Readers of IH Executive have an interest in—some might say passion for—learning the impacts integrated care has on patients and other stakeholders in the healthcare system. Clearly, one of the aims of better care integration and coordination is the economic impact. This published document by Ellen Nolte and Emma Pitchforth is based on a report commissioned by the World Health Organization (WHO), acting as the host organization for, and secretariat of, the European Observatory on Health Systems and Policies. This policy summary is one of a series to meet the needs of policymakers and health system managers. The aim is to develop key messages to support evidence-informed policymaking.
In this installment of the WHO series, the authors conducted a comprehensive literature review of published research and reports on the economic impact of integrated care. Among the key findings in the report:
None of the reviews identified by the searches explicitly defined ‘integrated care’ as the topic of review.
The most common concepts or terms were case management, care coordination, collaborative care or a combination of these; four reviews focused on disease-management interventions.

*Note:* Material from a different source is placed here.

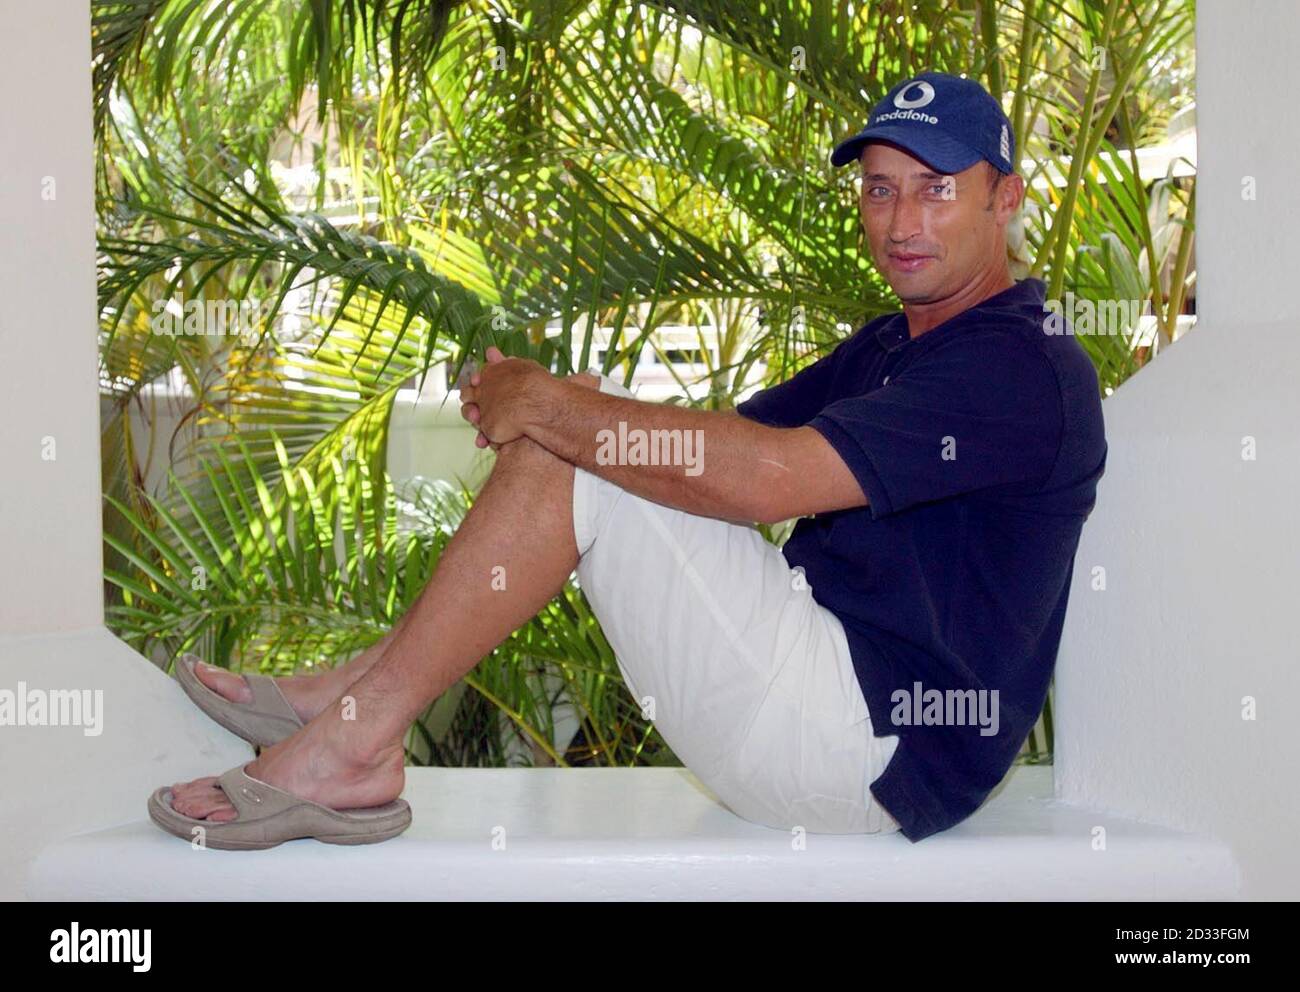 England batsman and former captain Nasser Hussain relaxes at the team hotel, Worthing, Barbados. England have won the Test series against the West Indies, leading 3-0 with the 4th and final match to be played in Antigua on Saturday.  Stock Photo

The majority of reviews considered a wide range of approaches, and typically only about half of primary studies included in individual reviews could be considered as integrated care under their definition.
Utilization and cost were the most common economic outcomes assessed by reviews, but reporting of measures was inconsistent and the quality of the evidence was often low.

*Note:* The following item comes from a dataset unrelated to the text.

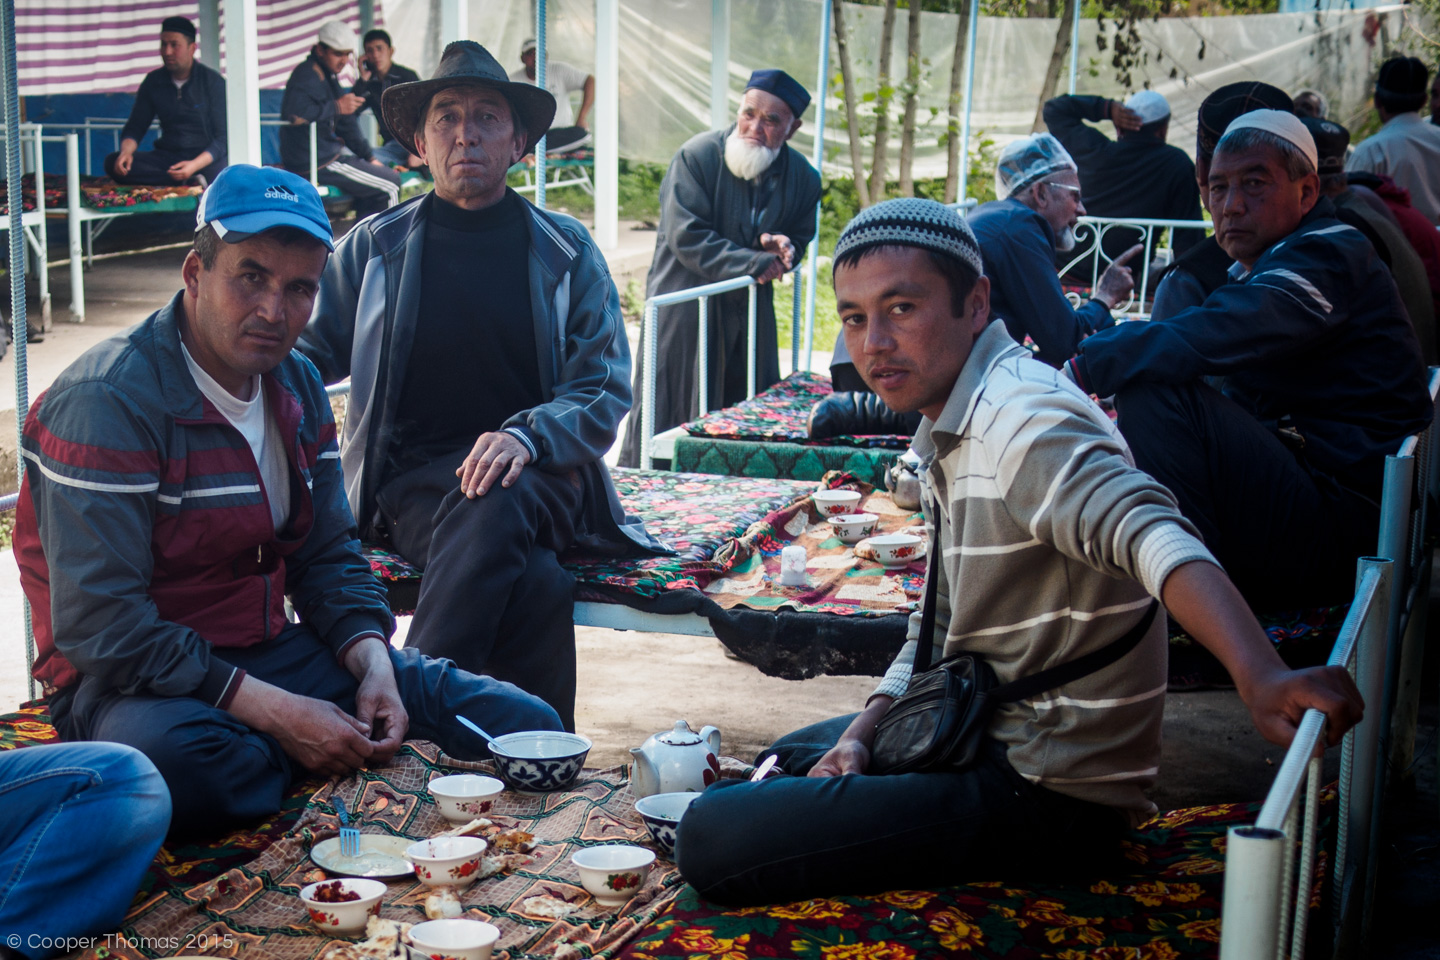 Locals enjoying a typical chaikhana lunch of meat, bread, and tea

The majority of economic outcomes focused on hospital utilization through (re)admission rates, length of stay or admission days and emergency department visits.

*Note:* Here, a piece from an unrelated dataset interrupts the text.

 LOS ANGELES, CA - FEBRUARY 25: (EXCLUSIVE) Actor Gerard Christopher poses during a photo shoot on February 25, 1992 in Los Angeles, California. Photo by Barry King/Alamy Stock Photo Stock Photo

Findings tended to be mixed within each review, which makes it difficult to draw firm conclusions.
Also, results were commonly not quantified, making an overall assessment of the size of possible effects problematic.
There is evidence of cost–effectiveness of selected integrated care approaches, but the evidence base remains weak.
There was some evidence from one review of approaches targeting frequent hospital emergency department users that found one trial to report the intervention to be cost-effective.
Based on one economic evaluation, one other review concluded that there was little or no evidence of incremental quality-adjusted life year (QALY) gain over usual care of structured home-based, nurse-led health promotion for older people at risk of hospital or care home admission.
The main takeaway from this report is that those of us who are leading the integrated care transition need to develop a more robust body of evidence that what we are promoting, and arguably doing, makes a difference in patient outcomes and the cost of care. We know it makes a difference, but it’s not real until someone else proves that it makes a difference!